Ilan Naiman · Emanuel Baruch Baruch · Oron Anschel · Alon Shoshan · Igor Kviatkovsky · Manoj Aggarwal · Gerard Medioni


Abstract:

In this work, we introduce long-video masked-embedding autoencoders (LV-MAE), a self-supervised learning framework for long video representation.Our approach treats short- and long-span dependencies as two separate tasks.Such decoupling allows for a more intuitive video processing where short-span spatiotemporal primitives are first encoded and are then used to capture long-range dependencies across consecutive video segments.
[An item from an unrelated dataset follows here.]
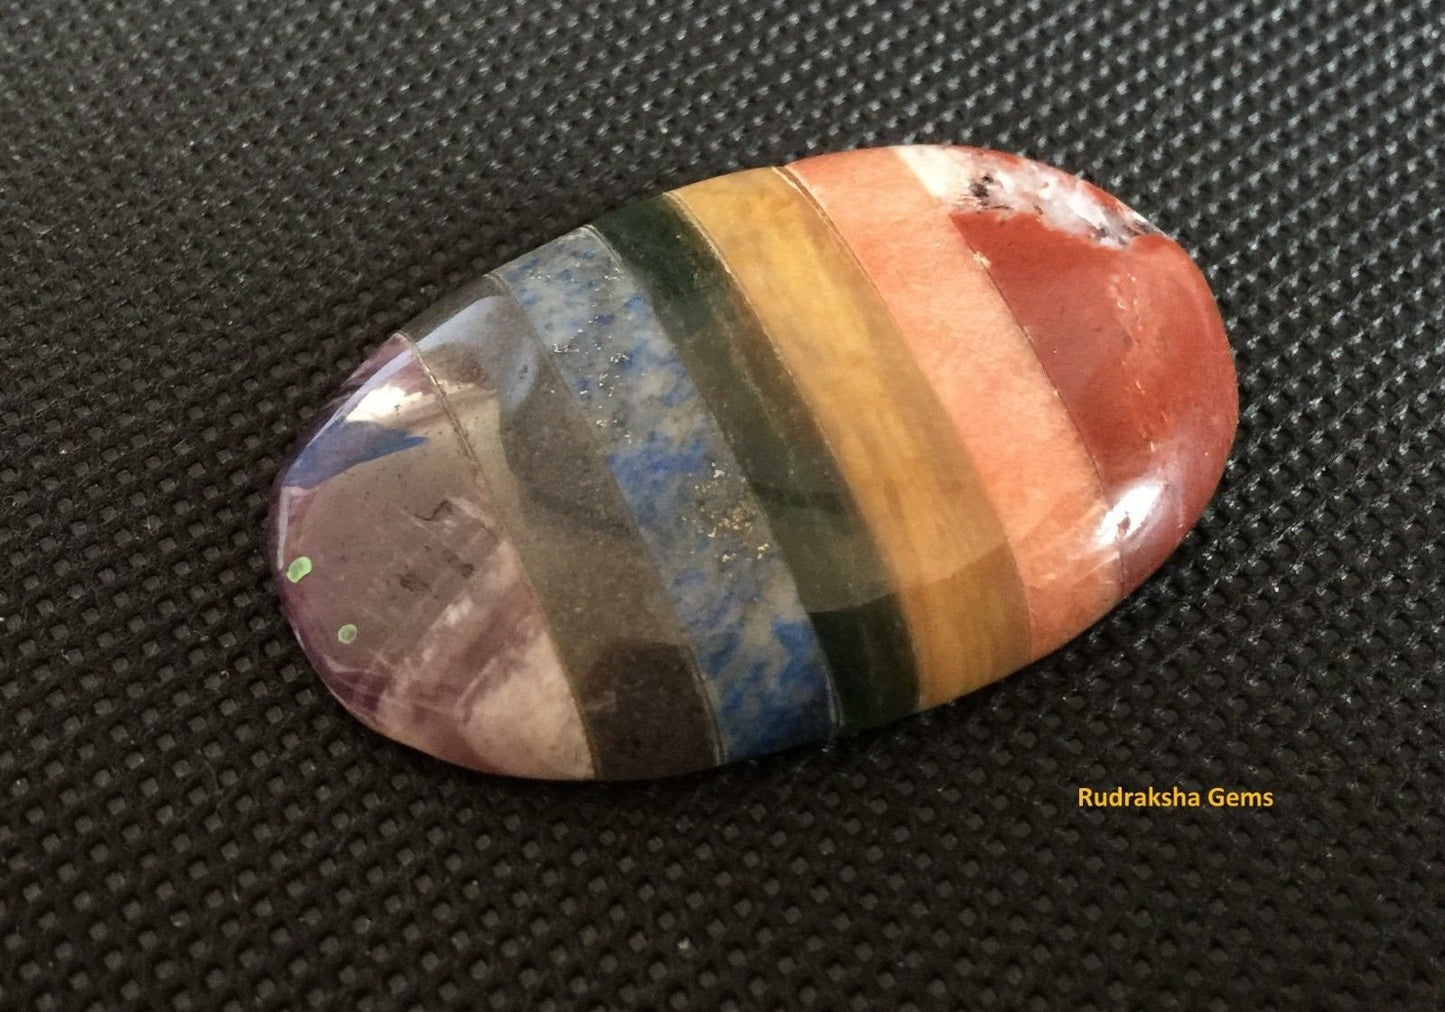 Chakra Natural Crystal Palm Stone / Worry Stone / Cabochon including 7 Bonded Crystal Types Reiki Energy Charged 7 Chakra Crystal Palm Stone

To achieve this, we leverage advanced off-the-shelf multimodal encoders to extract representations from short segments within the long video, followed by pre-training a masked-embedding autoencoder capturing high-level interactions across segments.LV-MAE is highly efficient to train and enables the processing of much longer videos by alleviating the constraint on the number of input frames.Furthermore, unlike existing methods that typically pre-train on short-video datasets, our approach offers self-supervised pre-training using long video samples (e.g., 20+ minutes video clips) at scale.Using LV-MAE representations, we achieve state-of-the-art results on three long-video benchmarks -- LVU, COIN, and Breakfast -- employing only a simple classification head for either attentive or linear probing.Finally, to assess LV-MAE pre-training and visualize its reconstruction quality, we leverage the video-language aligned space of short video representations to monitor LV-MAE through video-text retrieval.Our code will be made available upon publication.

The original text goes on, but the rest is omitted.